Högberg T, Kågedal B
Department of Gynecologic Oncology, University Hospital, Linköping, Sweden.
Acta Obstet Gynecol Scand. 1990;69(5):423-9. doi: 10.3109/00016349009013306.
Patients (n = 72) with newly diagnosed non-mucinous ovarian carcinomas, FIGO stages IIC-IV, and CA 125 levels raised when starting chemotherapy were followed both by serial serum CA 125 tumor marker determinations during induction chemotherapy and by second-look operation after 4-6 cycles of chemotherapy. Patients with complete response at the second-look operation (n = 19) had an estimated survival of 75% 59 months after the operation, compared with 22% in the 53 patients with persisting disease (p = 0.0004). Patients (n = 23) with a serum CA 125 half-life shorter than 16 days during induction chemotherapy had an estimated survival of 68% 59 months after the second-look operation as compared with 18% in 49 patients with a CA 125 half-life of more than 16 days (p = 0.003). Thus both second-look operation and serial CA 125 measurements fairly accurately predicted the patient survival, although the groups of patients identified by the two methods differed slightly. There was a strong correlation between the second-look results and the residual tumor after the primary operation. Interestingly, this association could not be found for tumor marker pattern, which could mean that this is an independent prognostic factor.

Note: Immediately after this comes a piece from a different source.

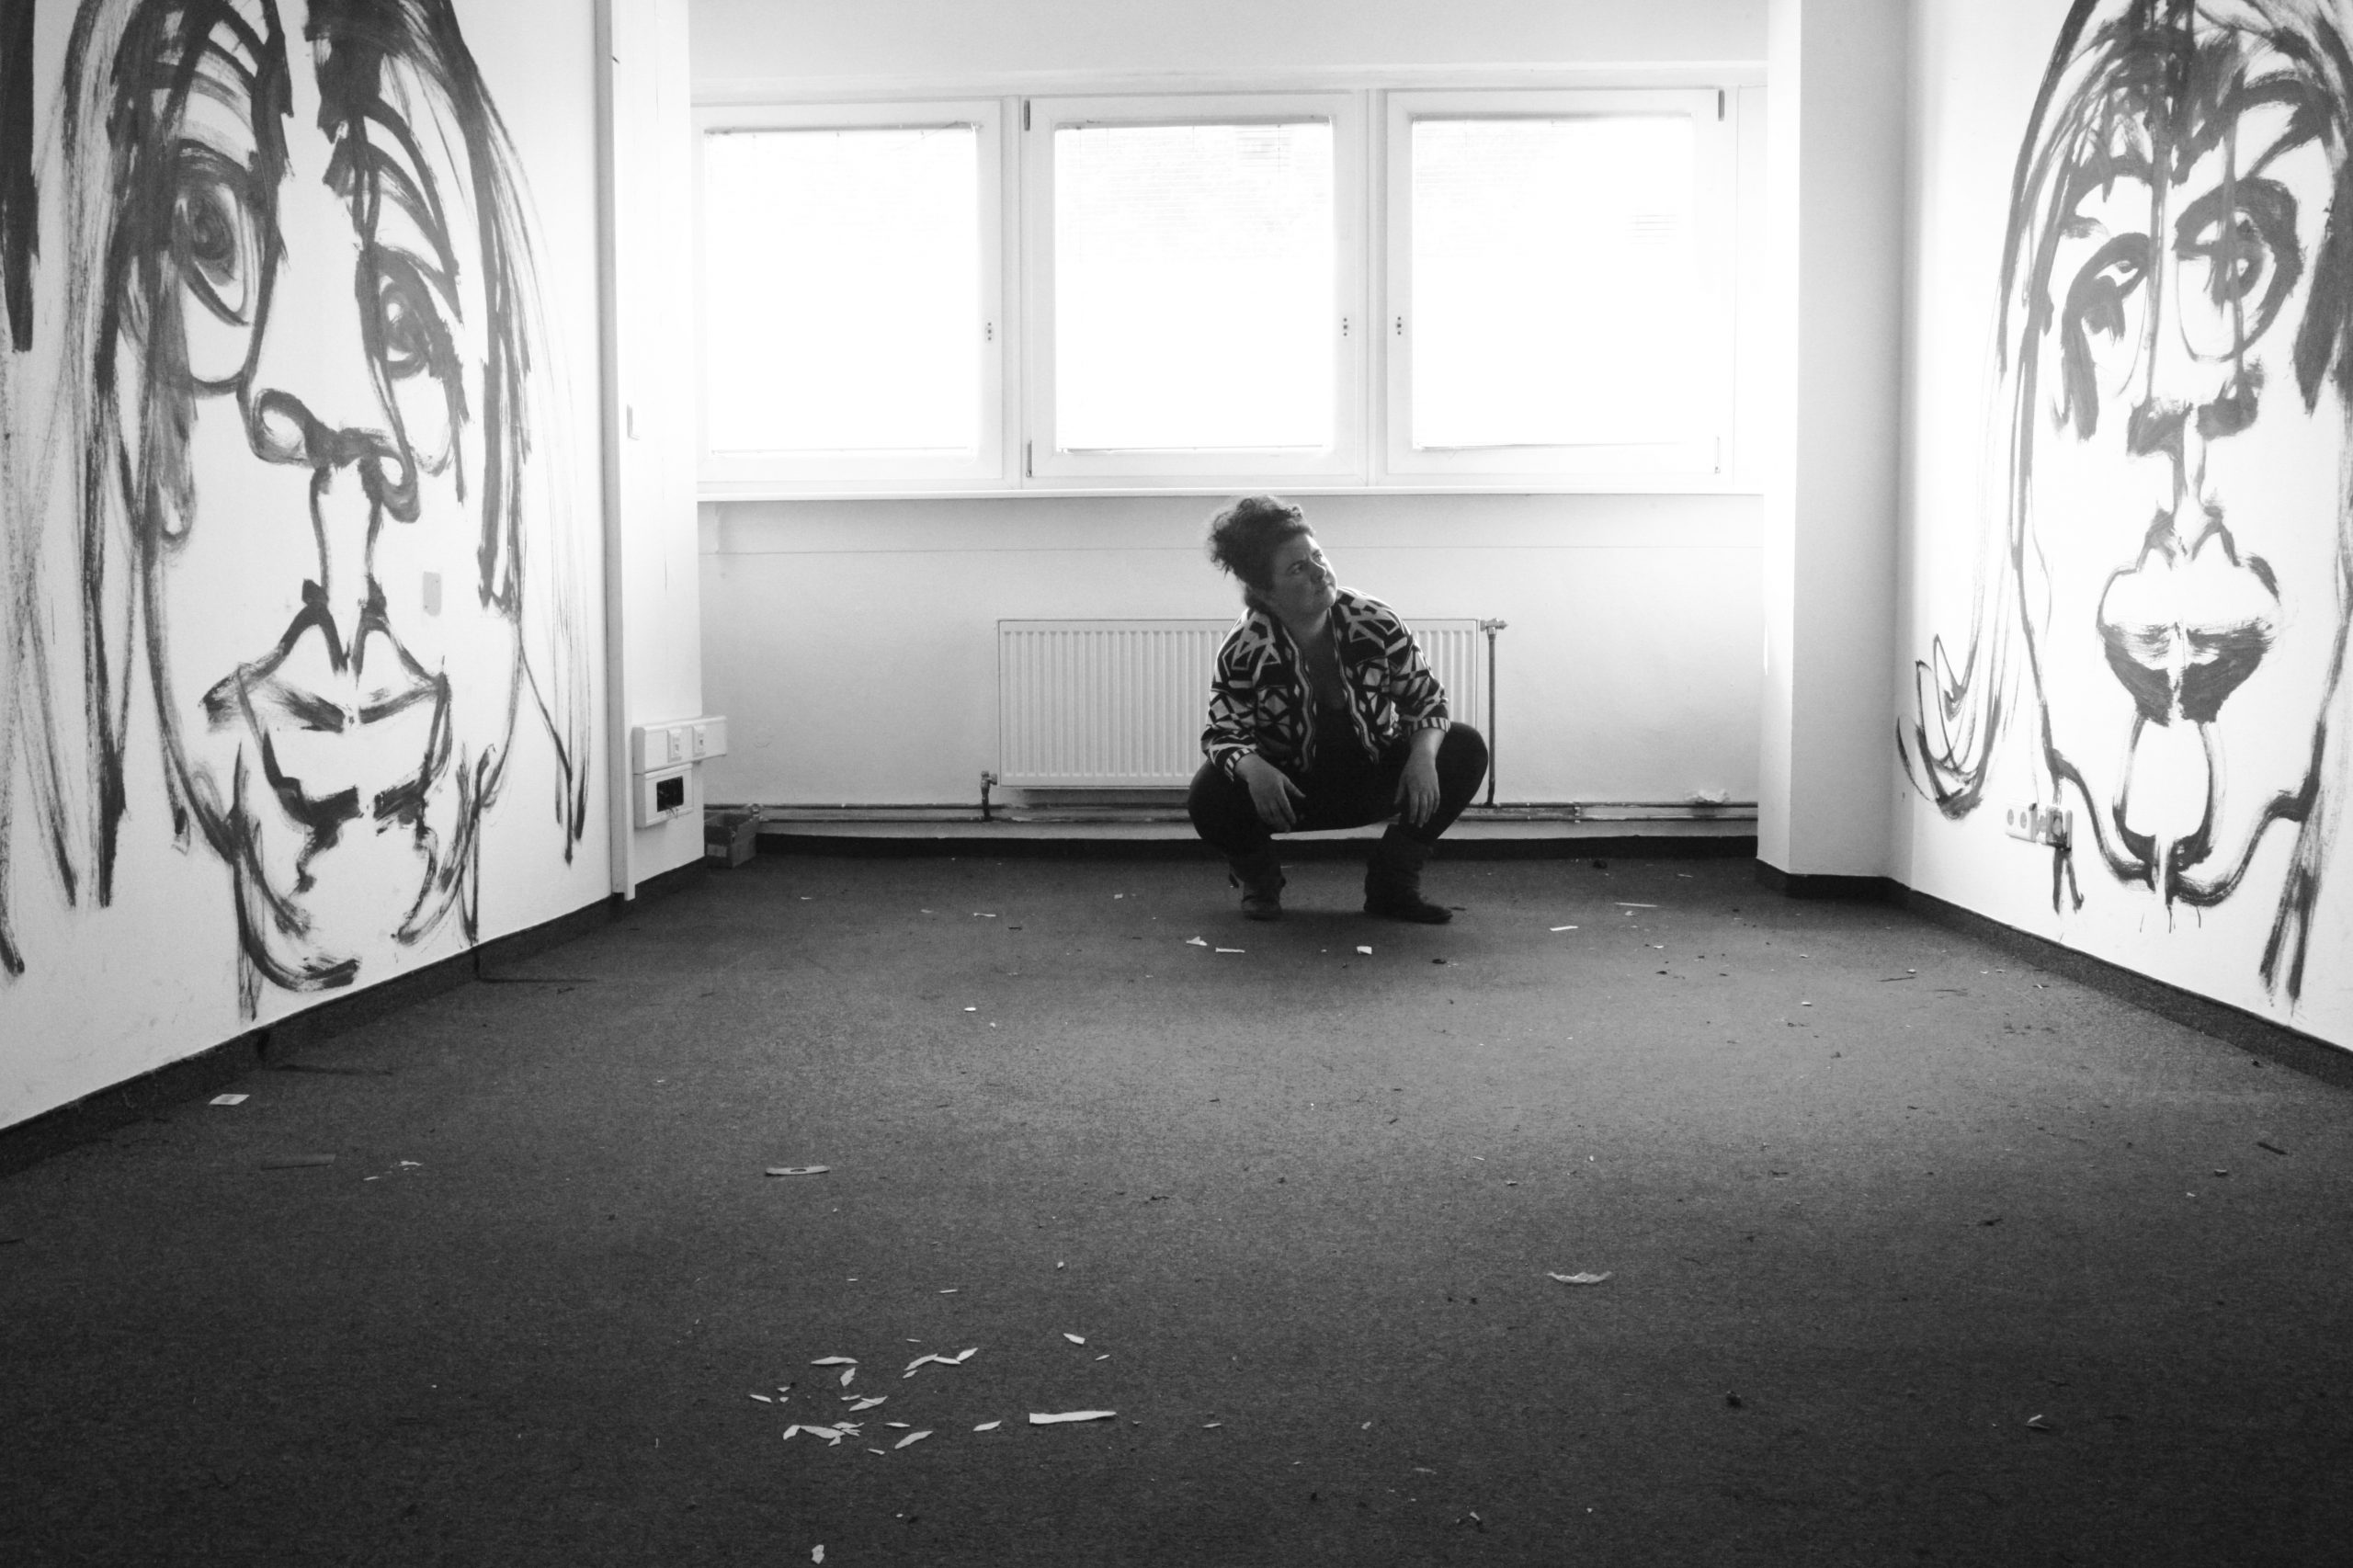 eine Person hockt in einem Raum, rechts und links neben ihr an der Wand sind überlebensgroße Portraits gezeichnet | a person squats in a room, to the right and left of him on the wall are drawn larger-than-life portraits

72例新诊断的非黏液性卵巢癌患者,国际妇产科联盟(FIGO)分期为IIC-IV期,化疗开始时CA 125水平升高,在诱导化疗期间通过连续测定血清CA 125肿瘤标志物以及在化疗4-6周期后进行二次探查手术对其进行随访。二次探查手术时完全缓解的患者(n = 19)术后59个月的估计生存率为75%,而疾病持续存在的53例患者的估计生存率为22%(p = 0.0004)。诱导化疗期间血清CA 125半衰期短于16天的患者(n = 23)二次探查手术后59个月的估计生存率为68%,而CA 125半衰期超过16天的49例患者的估计生存率为18%(p = 0.003)。因此,二次探查手术和连续CA 125测量都能相当准确地预测患者的生存率,尽管通过这两种方法确定的患者组略有不同。二次探查结果与初次手术后的残留肿瘤之间存在很强的相关性。有趣的是,在肿瘤标志物模式方面未发现这种关联,这可能意味着这是一个独立的预后因素。